Maternal Death Rate Tough to Reduce
The Indonesian Observer
Sunday “Focus” Section, page 3
April 12, 1998
Every year some 20,000 women in Indonesia die from complications of pregnancy and childbirth. Turning the situation around is tough, but efforts underway appear to be on the right track. D.L. Parsell takes a look for The Sunday Observer.
One of the biggest public health success stories in Indonesia in recent years is a dramatic reduction in the number of infant deaths. Since 1967, infant mortality has declined by 60 percent, according to the Indonesian Ministry of Health.
Unfortunately, curbing the nation’s exceptionally high rate of maternal deaths has proved far less tractable.
Although exact figures are difficult to come by, officials estimate that every year 20,000 women in Indonesia die from birth-related problems. That figure — representing about 390 women for every 100,000 live births — is a 15 percent improvement over the past decade.
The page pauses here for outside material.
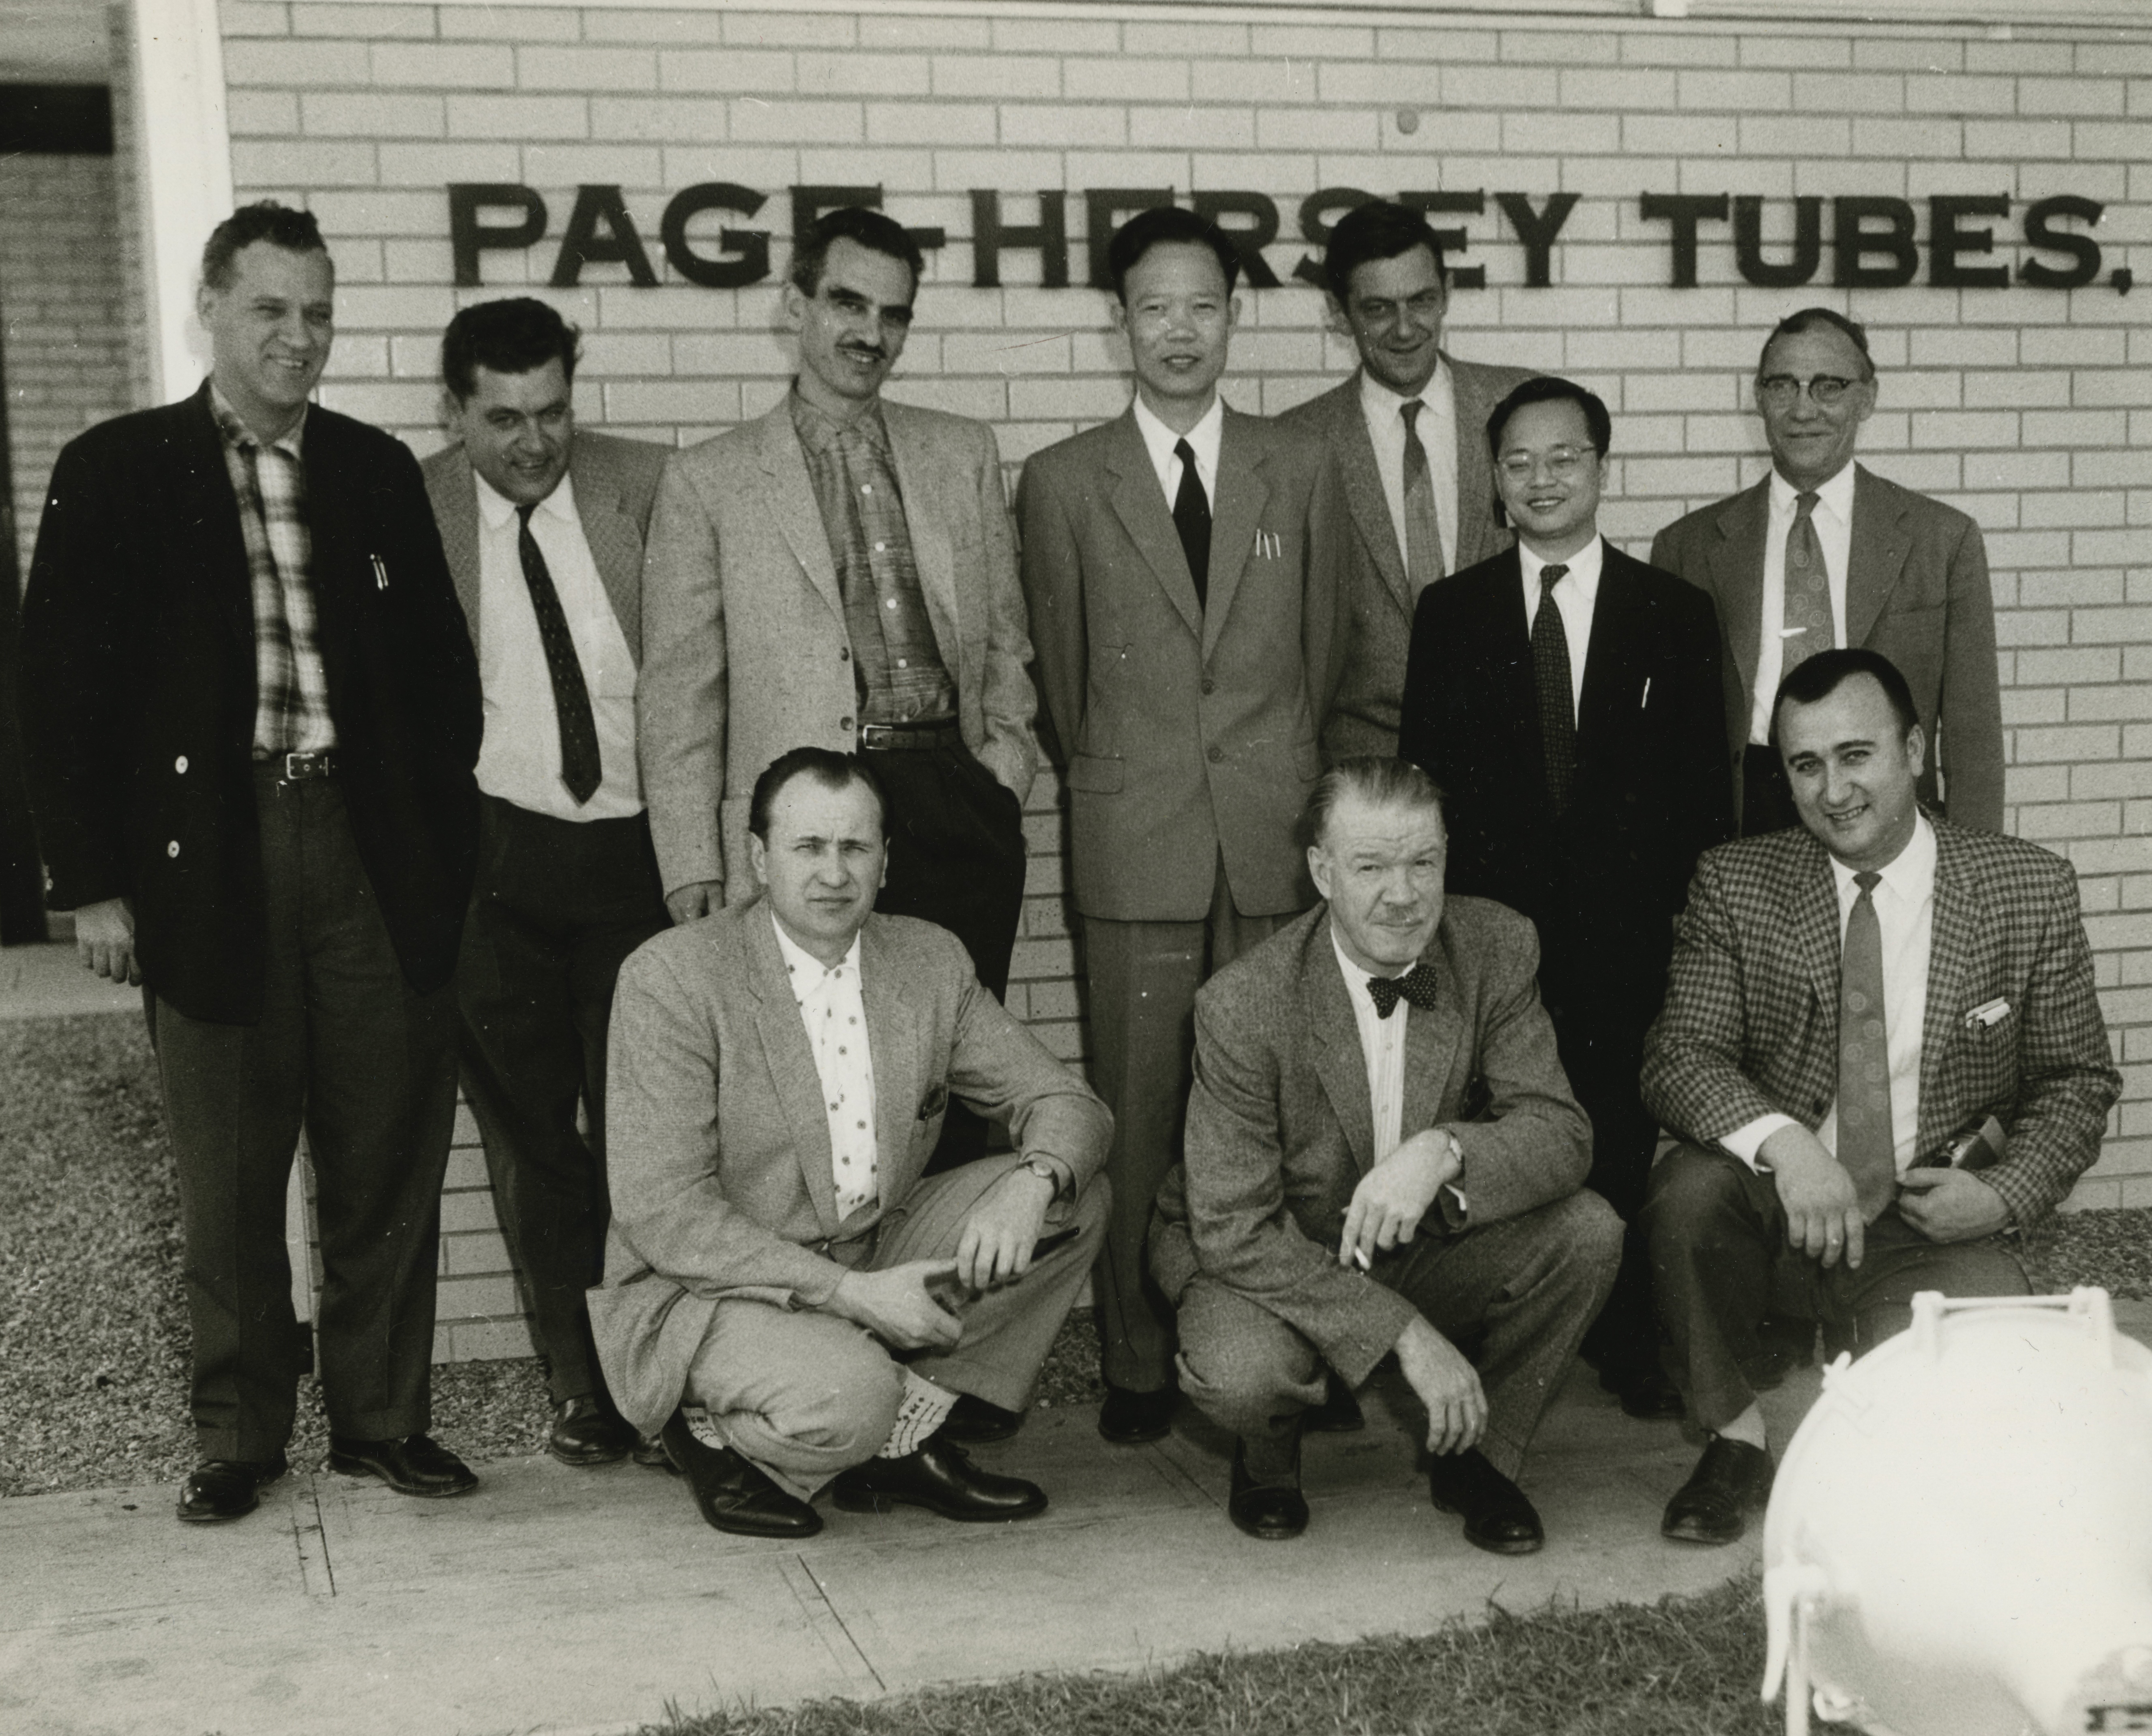 A group of men in suits and ties pose in front of a building which reads "Page-Hersey Tubes"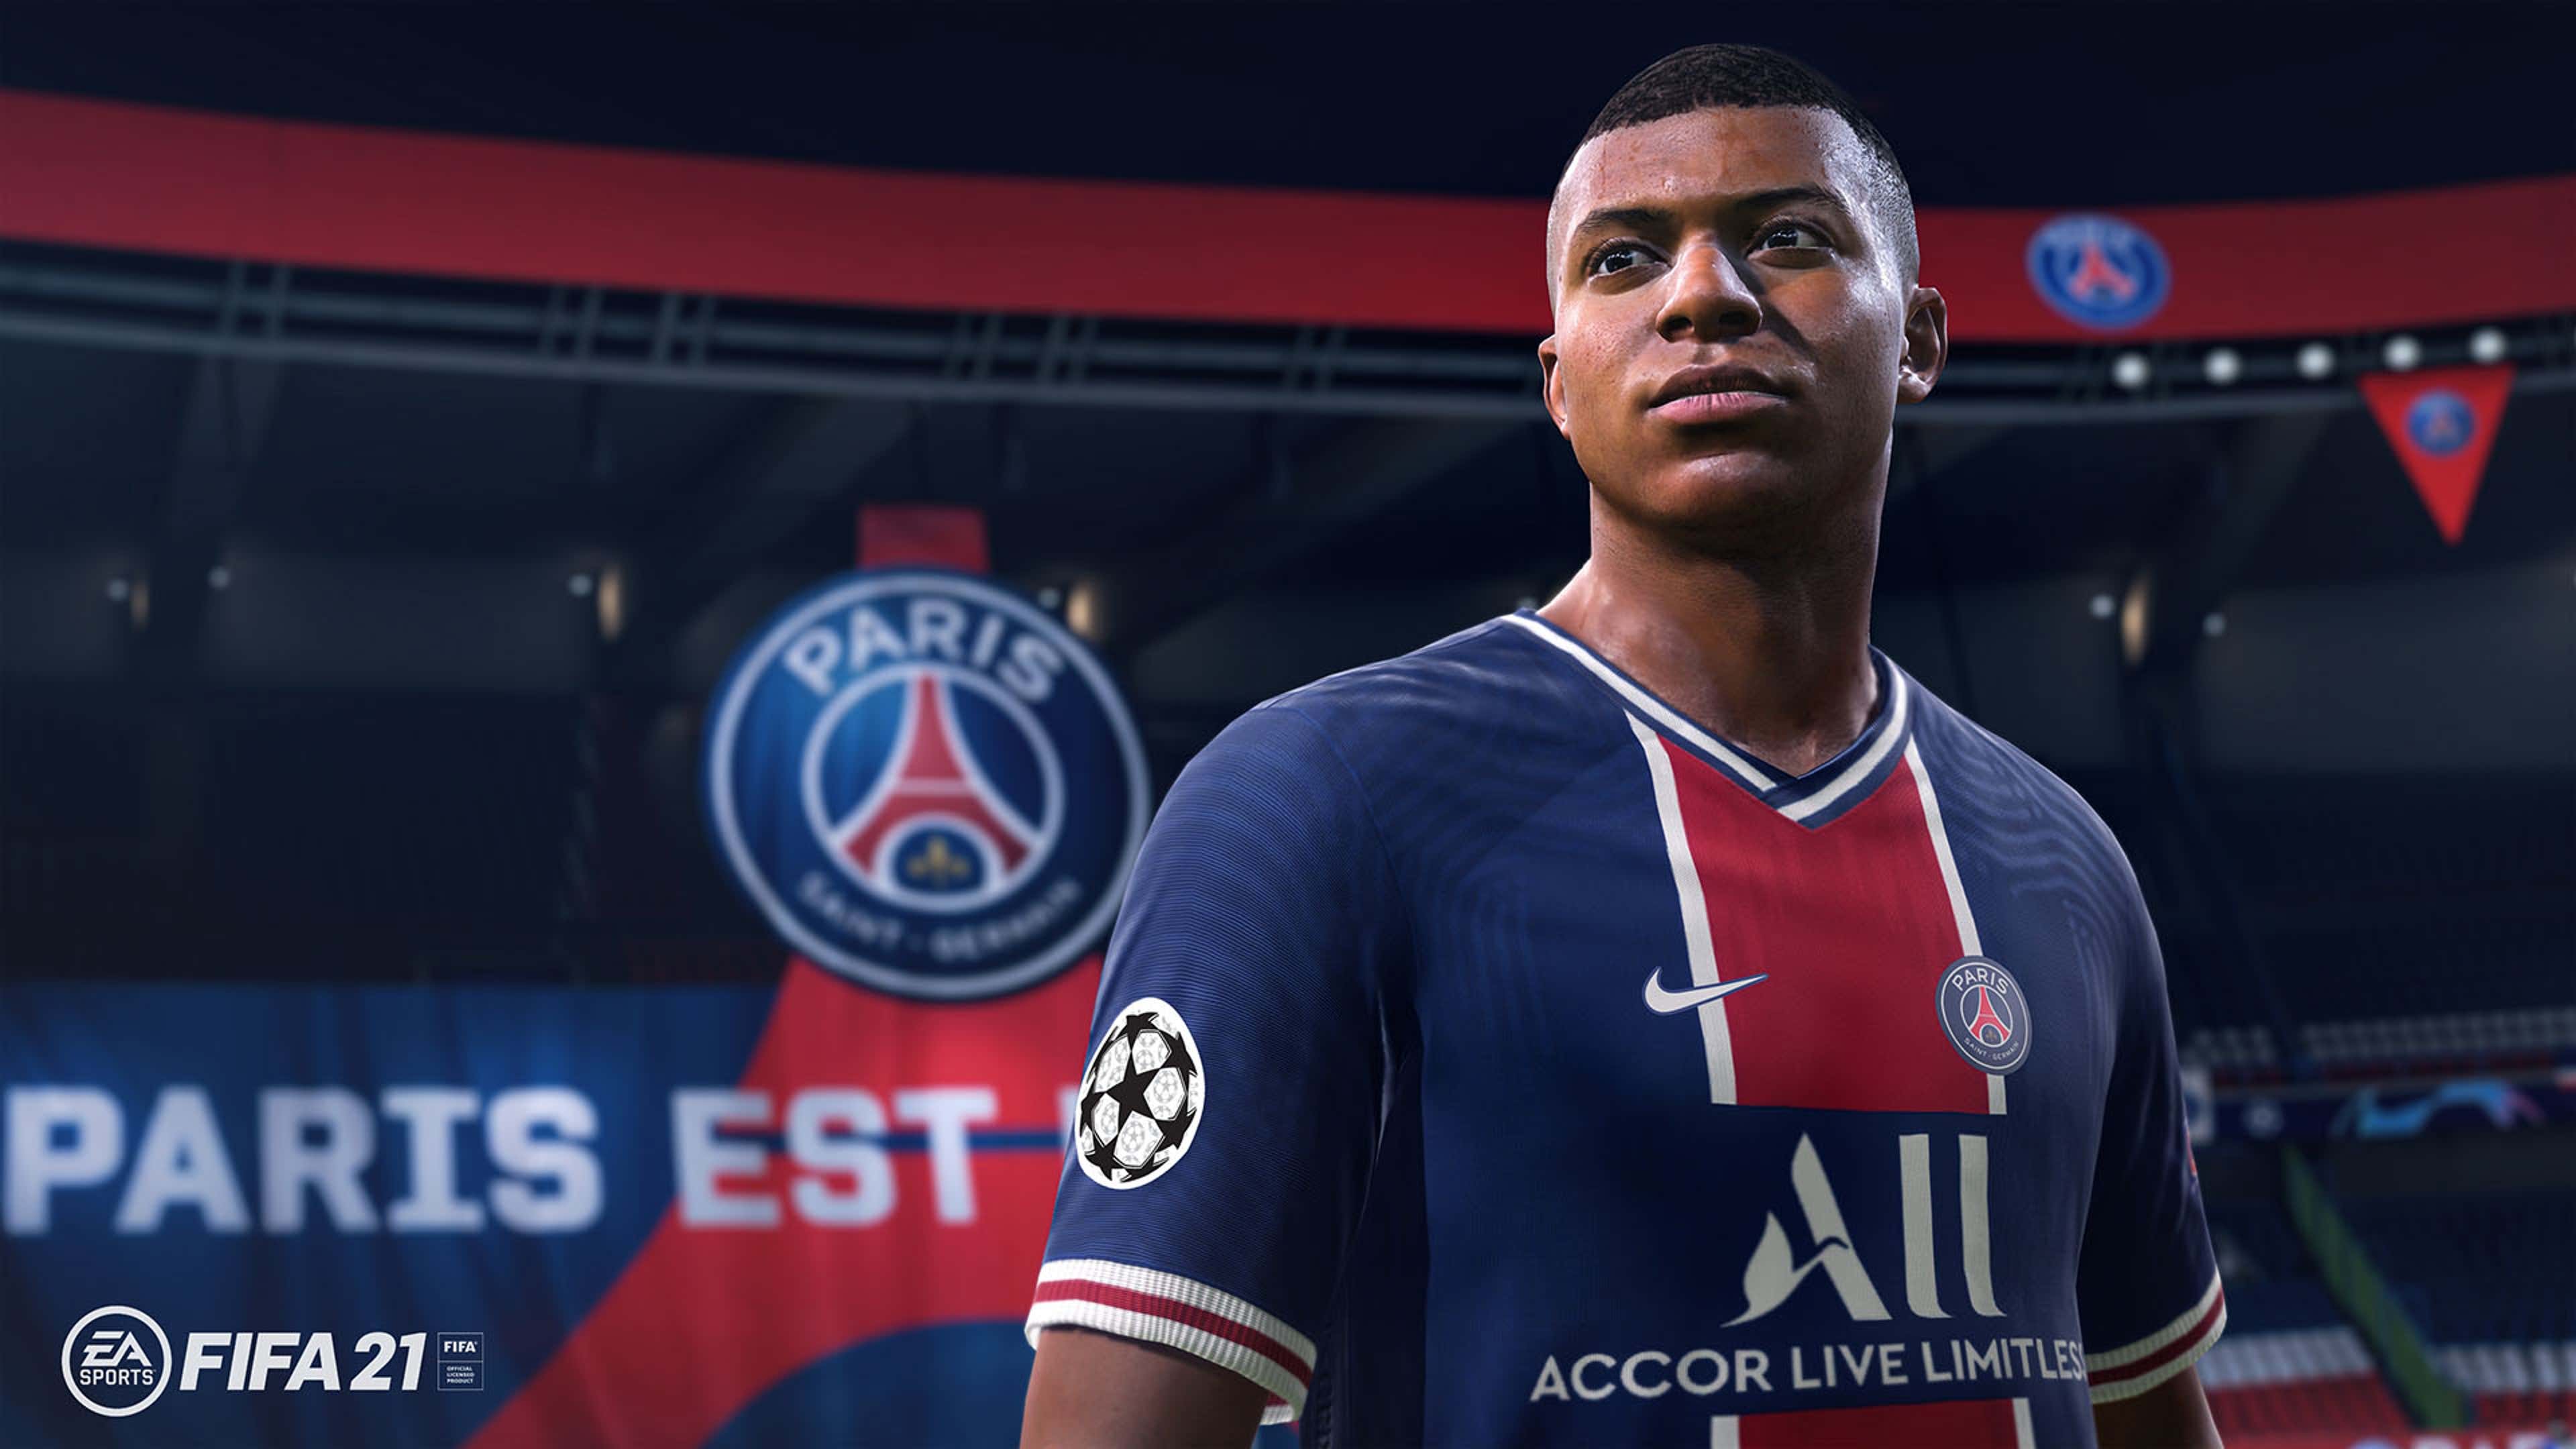 Here's everything you need to know about 'FIFA 21' and its brand new  features - Entertainment

Still, “it’s 50 times higher than in developed countries, and three to six times higher relative to other ASEAN countries” such as Malaysia, Thailand and the Philippines, Dr. Rachmi Ontoro, head of the Indonesian Health Ministry’s Directorate of Family Health, said last week.
As part of a global initiative in the 1980s, Indonesia adopted a goal of reducing maternal deaths 50 percent by the year 2000 — from 450 per 100,000 live births in 1986 to 225. But despite considerable attention to the problem, including support from top government officials, the country is unlikely to achieve that goal, Rachmi acknowledged. She added: “We do hope we can get there by the end of 1999,” which is the end of the Sixth Five-Year Development Plan (Repelita VI).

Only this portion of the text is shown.